Portal municipal de Sopela - El Ayuntamiento de Sopela crea un grupo de trabajo con vecinos de Sugurdialde para dar respuesta a sus demandas

El Ayuntamiento de Sopela crea un grupo de trabajo con vecinos de Sugurdialde para dar respuesta a sus demandas

 

Con motivo del arranque de las obras para la instalación de pantallas acústicas en la calle Sugurdialde y respondiendo a la demandas de los vecinos y vecinas de la zona, el Ayuntamiento de Sopela ha creado un grupo de trabajo compuesto por representantes del vecindario, técnicos del Ayuntamiento y del Consorcio de Transportes de Bizkaia y representantes del equipo de Gobierno para analizar el desarrollo de los trabajos, estudiar las cuestiones susceptibles de mejora y recibir así mismo la opinión y aportaciones de los propios vecinos y vecinas.

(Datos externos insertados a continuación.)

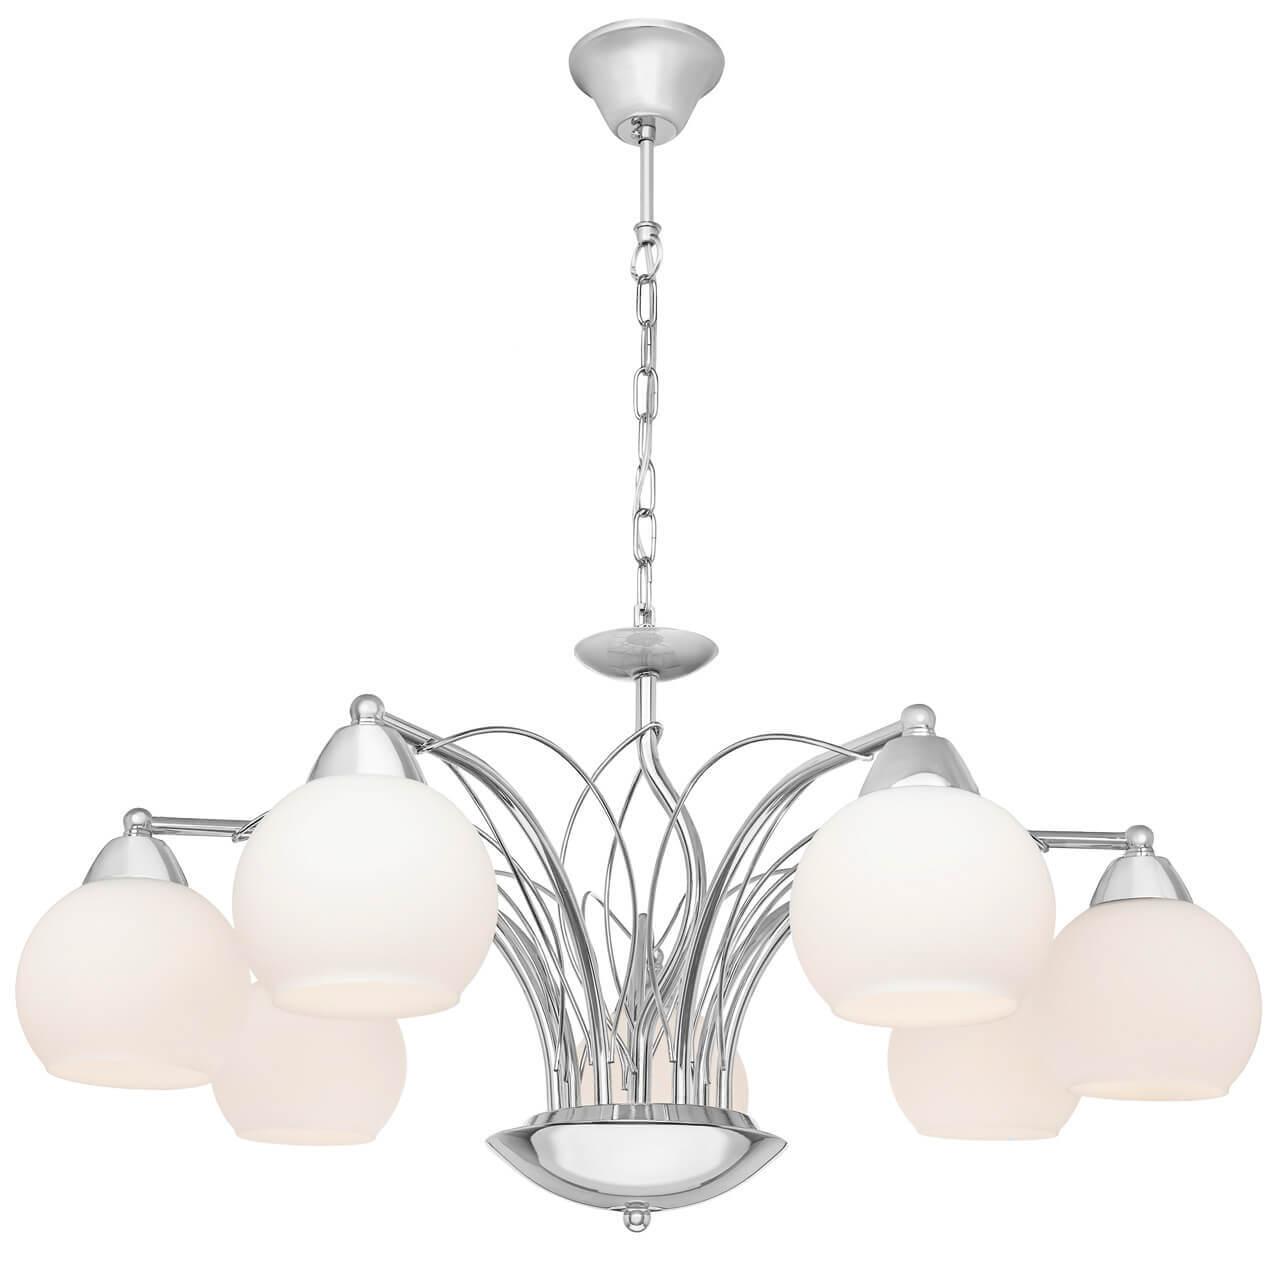 купить Подвесная люстра Silver Light Adele 138.54.7 дешево

Desde hace varias semanas, el consistorio sopeloztarra ha venido recogiendo las dudas y las inquietudes que esta actuación ha generado entre el vecindario de la zona. El alcalde, Josu Landaluze, se comprometió a trasladar todas y cada una de las preocupaciones surgidas a CTB, entidad competente de los trabajos, y a crear una dinámica de reuniones con el objetivo de que las personas afectadas puedan conocer de primera mano todos los detalles de la obra y trabajar conjuntamente para consensuar las posibles mejoras o soluciones que puedan adoptarse.

La primera reunión se celebró ayer miércoles, 3 de febrero, en el salón de plenos del Ayuntamiento, en el cual estuvieron presentes el propio alcalde, Josu Landaluze, dos técnicos del Ayuntamiento, otros dos técnicos de CTB y tres vecinos en representación de las comunidades afectadas. 

Los vecinos y vecinas mostraron su preocupación por la altura de las cerca de 50 pantallas que protegerán acústicamente a los bloques de viviendas próximos a las vías del metro. Unas pantallas que se instalarán en un tramo de 182 metros en la curva paralela a la calle Sugurdialde.

Por su parte, los técnicos del consistorio y CTB, informaron sobre las actuaciones que están previstas llevarse a cabo y el porqué de la obra, que en gran medida responde a un mandato normativo europeo de obligado cumplimiento. Tanto el Ayuntamiento como el Consorcio, adquirieron el compromiso de continuar buscando soluciones más acordes a los deseos de los vecinos y vecinas.  En próximas reuniones de seguimiento, se estudiarán diferentes alternativas para minimizar el impacto estético de las pantallas para que visualmente, no sean tan agresivas.